Kementan Kawal Usaha UD Pramono Boyolali Demi 1.300 Peternak Sapi Perah
Kementerian Pertanian (Kementan) mendukung keberlanjutan usaha sapi perah UD Pramono di Kabupaten Boyolali, Jawa Tengah. Halaman all
(Kompas.com) 09/11/24 16:22 17888961
JAKARTA, KOMPAS.com – Direktorat Jenderal Peternakan dan Kesehatan Hewan (Ditjen PKH) Kementerian Pertanian (Kementan) mendukung keberlanjutan usaha sapi perah UD Pramono di Kabupaten Boyolali, Jawa Tengah.
Dukungan ini diberikan demi menjaga mata pencaharian 1.300 peternak sapi perah yang selama ini bermitra dengan usaha tersebut.
"Kami pantau terus perkembangannya. Tim dari Ditjen PKH akan terus berkoordinasi dengan dinas terkait.
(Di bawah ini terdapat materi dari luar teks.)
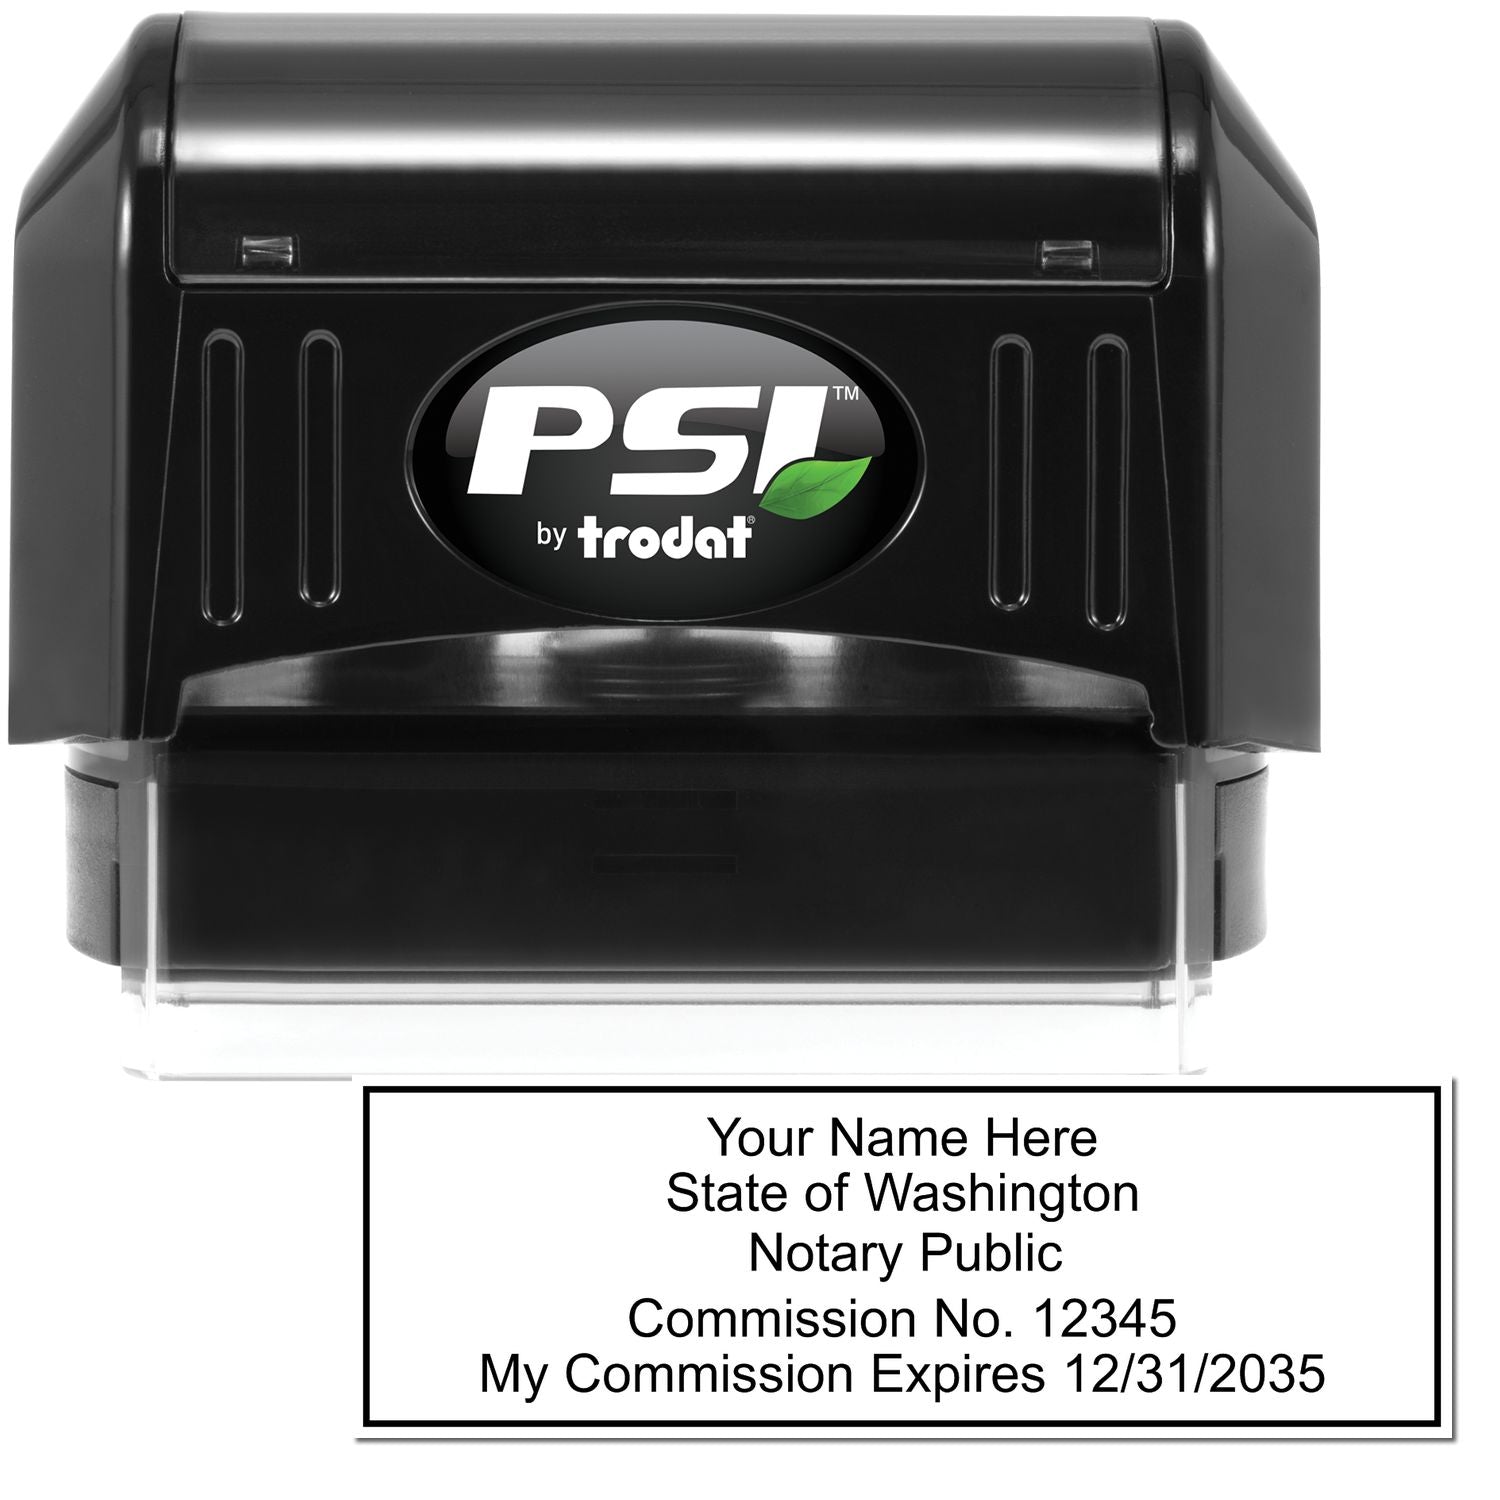 The main image for the PSI Washington Notary Stamp depicting a sample of the imprint and electronic files

Ini menyangkut 1.300 peternak sapi perah di sana," kata Direktur Jenderal Peternakan dan Kesehatan Hewan Kementan, Agung Suganda, dalam keterangannya di Jakarta, Sabtu (9/11/2024).
UD Pramono, yang merupakan pengepul susu sapi perah di Desa Singosari, Kecamatan Mojosongo, Kabupaten Boyolali, menghadapi tantangan berat dalam mempertahankan usahanya.
Saat ini, UD Pramono mengelola sekitar 20.000 liter susu segar per hari yang dipasok dari tujuh kecamatan di Boyolali dan satu kecamatan di Klaten.
Sebagai pengepul utama, UD Pramono menjadi tumpuan bagi peternak kecil dalam menjual susu mereka dengan harga yang kompetitif.
Namun, operasional UD Pramono terkendala masalah pajak yang belum terselesaikan, yang berdampak pada pemblokiran rekening perusahaan sejak 4 Oktober 2024.
Untuk tetap menjaga kelangsungan usaha, UD Pramono bahkan terpaksa menjual enam ekor sapi perah.
Agung menekankan pentingnya keberlanjutan UD Pramono sebagai upaya menjaga roda ekonomi perdesaan dan mendukung program gizi nasional melalui pasokan susu segar.
“Kami memberikan perhatian karena produksi susu di sana akan menggerakkan ekonomi perdesaan. Selain itu, produksi susunya akan mendukung program makan bergizi,” jelas Agung.
Sementara itu, Kepala Dinas Peternakan Kabupaten Boyolali, Lusia Dyah Suciati, menyatakan optimisme bahwa UD Pramono akan tetap mampu beroperasi.
Menurutnya, usaha ini tidak hanya berkaitan dengan kelangsungan hidup peternak, tetapi juga dengan status Boyolali sebagai daerah penghasil susu terbesar di Jawa Tengah.
“Usaha UD Pramono ini menyangkut hajat hidup 1.300 peternak. Kami akan terus berusaha agar usaha ini tetap berjalan,” ujar Lusia.
Selain membeli susu dengan harga yang bersaing, UD Pramono juga memberikan dukungan bagi peternak dalam bentuk bantuan pakan, pinjaman tanpa bunga, dan sembako.
Dukungan ini turut diperkuat oleh mitra utama UD Pramono, yaitu Susu Boyolali, yang mengolah susu segar menjadi produk susu pasteurisasi untuk program Pemberian Makanan Tambahan (PMT) di Magelang.
Meski terkendala pajak, UD Pramono tetap menerima pasokan susu dari peternak. Namun, Pramono mengungkapkan bahwa kelangsungan usaha akan sangat bergantung pada penyelesaian masalah pajak ini.
Ditjen PKH dan Dinas Peternakan Boyolali menyatakan akan terus memantau perkembangan serta mendampingi UD Pramono dalam menghadapi tantangan.
Ketua Komite Pengawas Perpajakan (Komwasjak), Amien Sunaryadi, juga menyampaikan bahwa timnya akan melakukan investigasi menyeluruh untuk memberikan rekomendasi kepada Direktorat Jenderal Pajak (DJP).
Pemerintah daerah di bawah arahan Bupati Boyolali, M Said Hidayat, turut memfasilitasi dialog antara UD Pramono dan DJP untuk mencari solusi terbaik.